Di Margherita Rovida

Pubblicato il 01 Giu. 2020

Vista la mancanza di trattamenti risolutivi per la demenza, l’OMS sottolinea l’importanza di focalizzarsi sulla riduzione dei fattori di rischio di demenza, o, specularmente, sullo sviluppo dei fattori di protezione.

 

La popolazione italiana sta invecchiando: questa considerazione, ormai parte del dibattito pubblico, è supportata dai dati Istat. Per citarne alcuni, la percentuale di individui di età superiore ai 65 anni in Italia nel 2019 era del 22,8%; quella di bambini e adolescenti fino ai 14 anni era pari al 13,2%. L’indice di vecchiaia, pari al 173.1%, ribadisce l’invecchiamento della popolazione italiana.

Uno dei risvolti di questa situazione demografica è la presenza, in Italia, di oltre un milione di pazienti affetti da demenza. In aggiunta, la prevalenza delle demenze tenderà ad aumentare, con conseguenze sulla qualità della vita dei malati di demenza, dei loro familiari o caregiver e con conseguenze anche a livello economico (i costi annuali per la presa in carico di ciascun paziente variano tra i novemila e i sedicimila euro; Osservatorio Demenze Istituto Superiore di Sanità).

Considerando la mancanza di trattamenti risolutivi per queste patologie neurodegenerative, cioè che comportano la perdita o l’alterata funzione delle cellule nervose (Vallar e Papagno, 2018), l’OMS sottolinea l’importanza di focalizzarsi sulla riduzione dei fattori di rischio di demenza, o, specularmente, sullo sviluppo dei fattori di protezione.
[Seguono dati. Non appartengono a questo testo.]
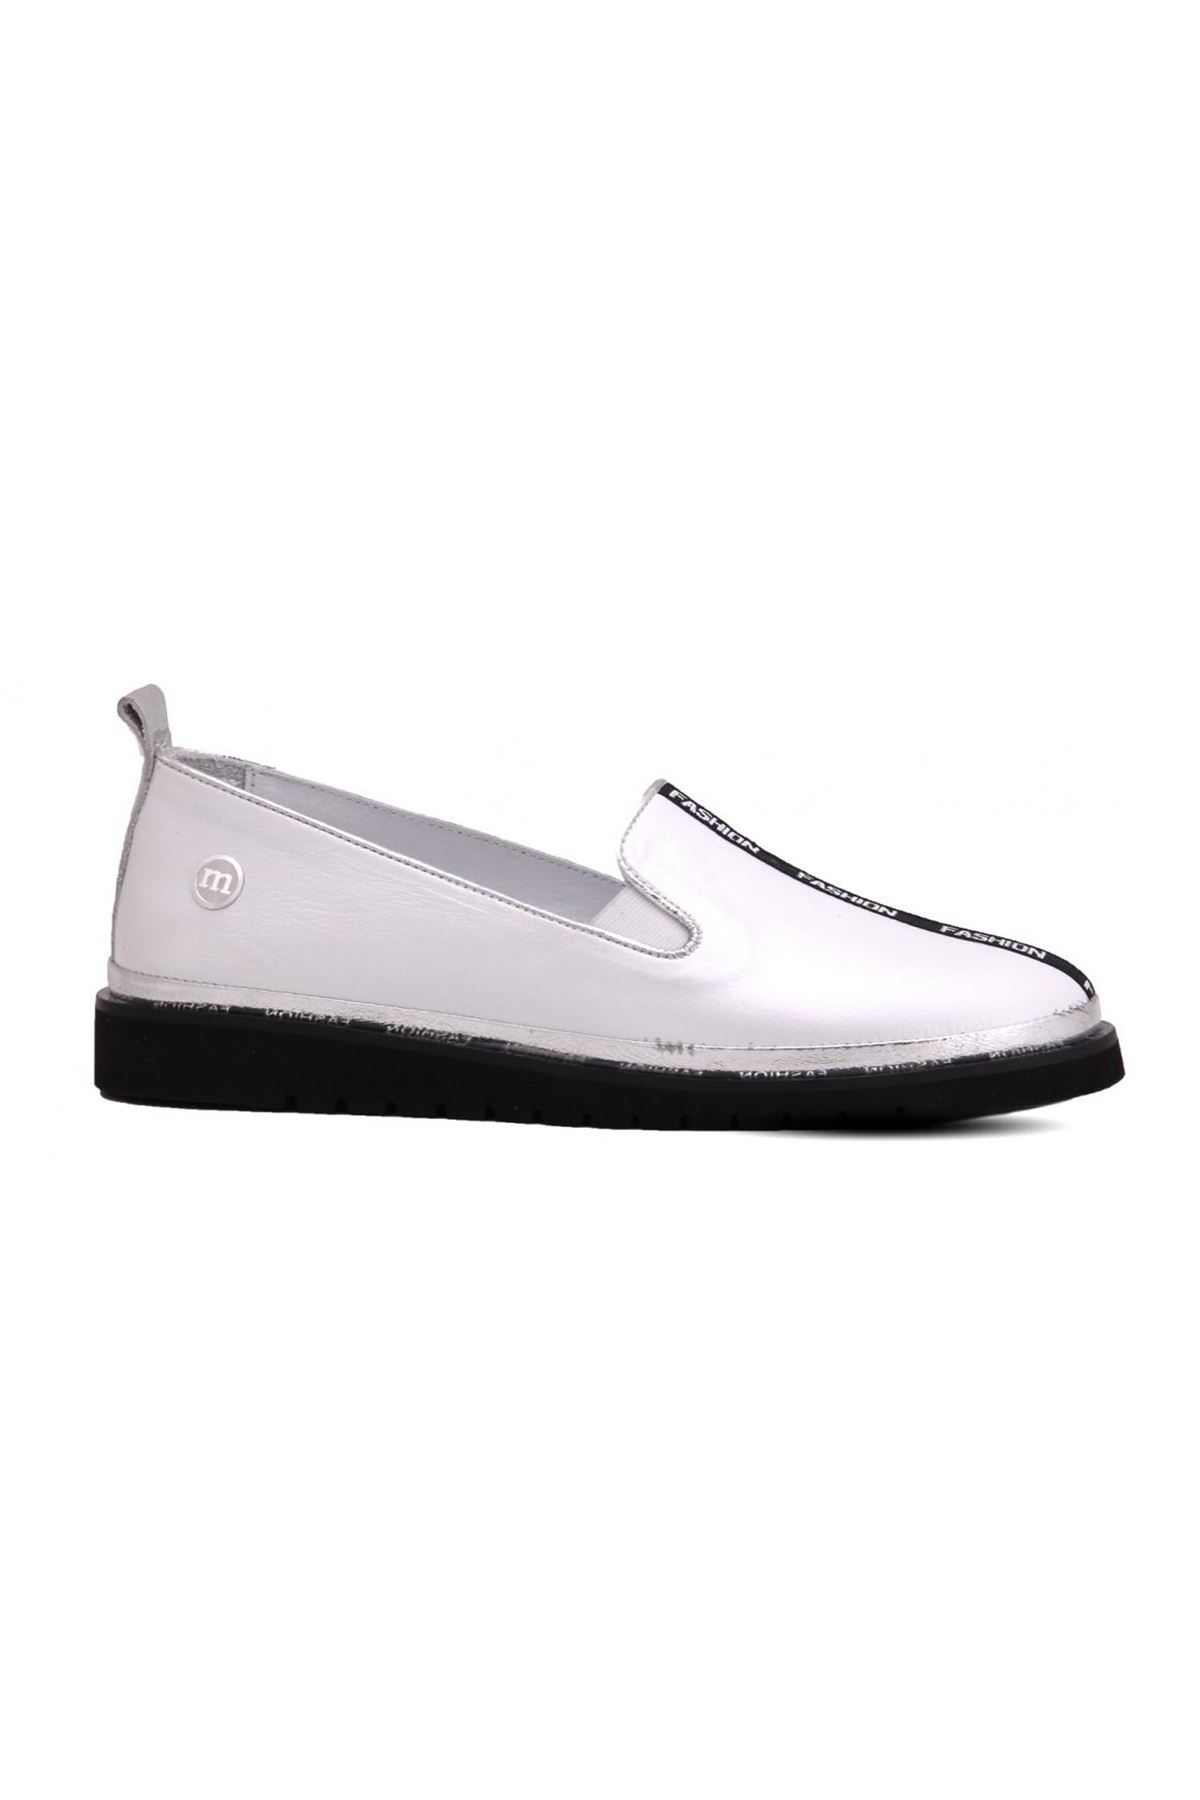 D20YA-875 Mammamia Günlük Bayan Ayakkabı - Beyaz
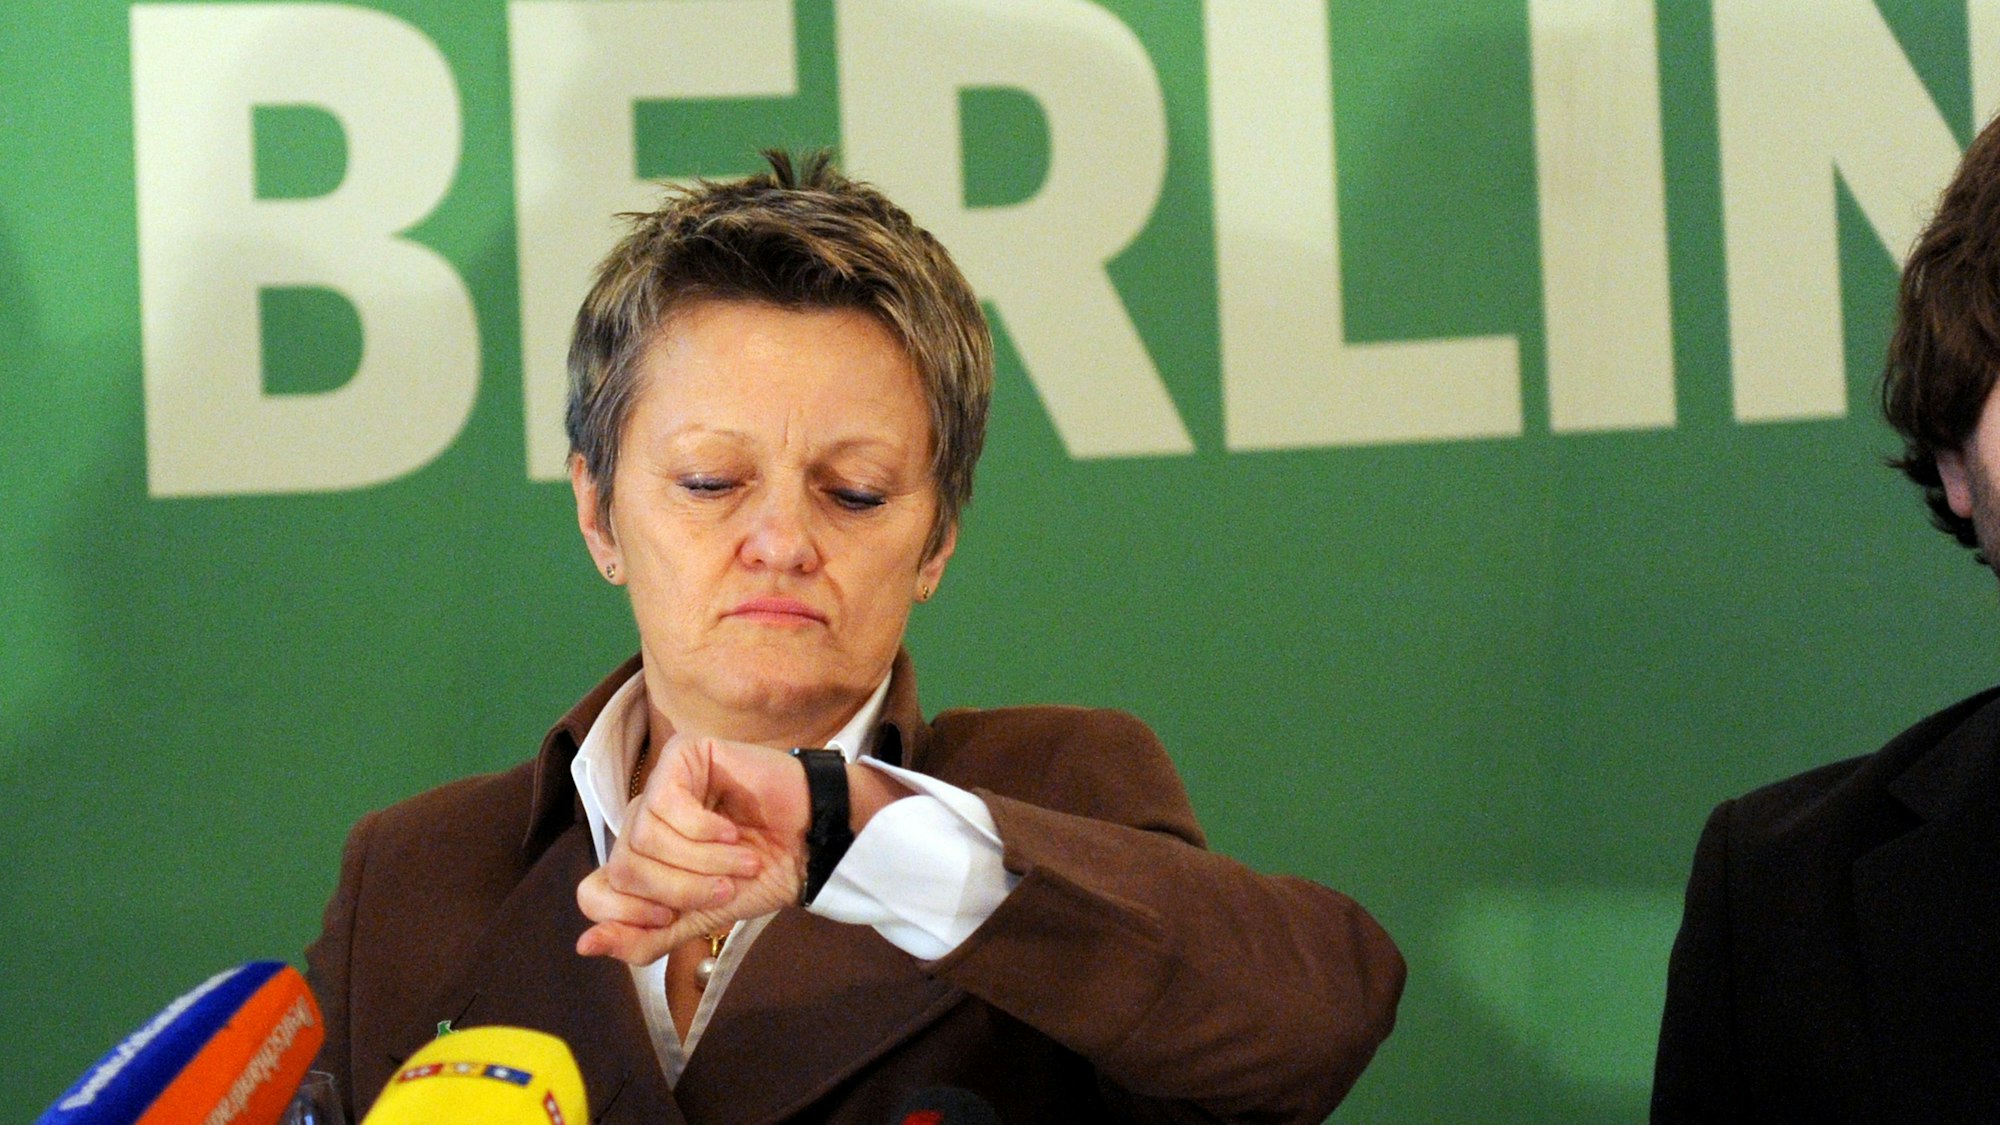 Die Grünen-Kandidatin für das Amt der Regierenden Bürgermeisterin in Berlin, die Vorsitzende der Bundestagsfraktion von Bündnis 90/Die Grünen, Renate Künast, stellt am Mittwoch (02.02.2011) in Berlin den Entwurf des Grünen-Wahlprogramms vor und blickt dabei auf die Uhr. Die Repräsentanten für das Abgeordnetenhaus sollen am 18. September 2011 gewählt werden. Foto: Rainer Jensen dpa ++ +++ dpa-Bildfunk +++

Uno dei possibili fattori di protezione preso in considerazione attualmente nel dibattito scientifico è il bilinguismo. Un esempio è lo studio di Alladi e colleghi (2013), il quale ha mostrato che l’esordio della demenza risulta ritardato di 5 anni nei bilingui rispetto ai monolingui cresciuti nello stesso contesto culturale.

Tuttavia, i meccanismi neurali e cognitivi che spiegano come il bilinguismo possa agire da fattore di protezione per la demenza sono ancora incerti. Ossia: quali sono i cambiamenti a livello cerebrale e a livello del funzionamento cognitivo che rendono il bilinguismo un fattore di protezione rispetto all’invecchiamento sano e patologico?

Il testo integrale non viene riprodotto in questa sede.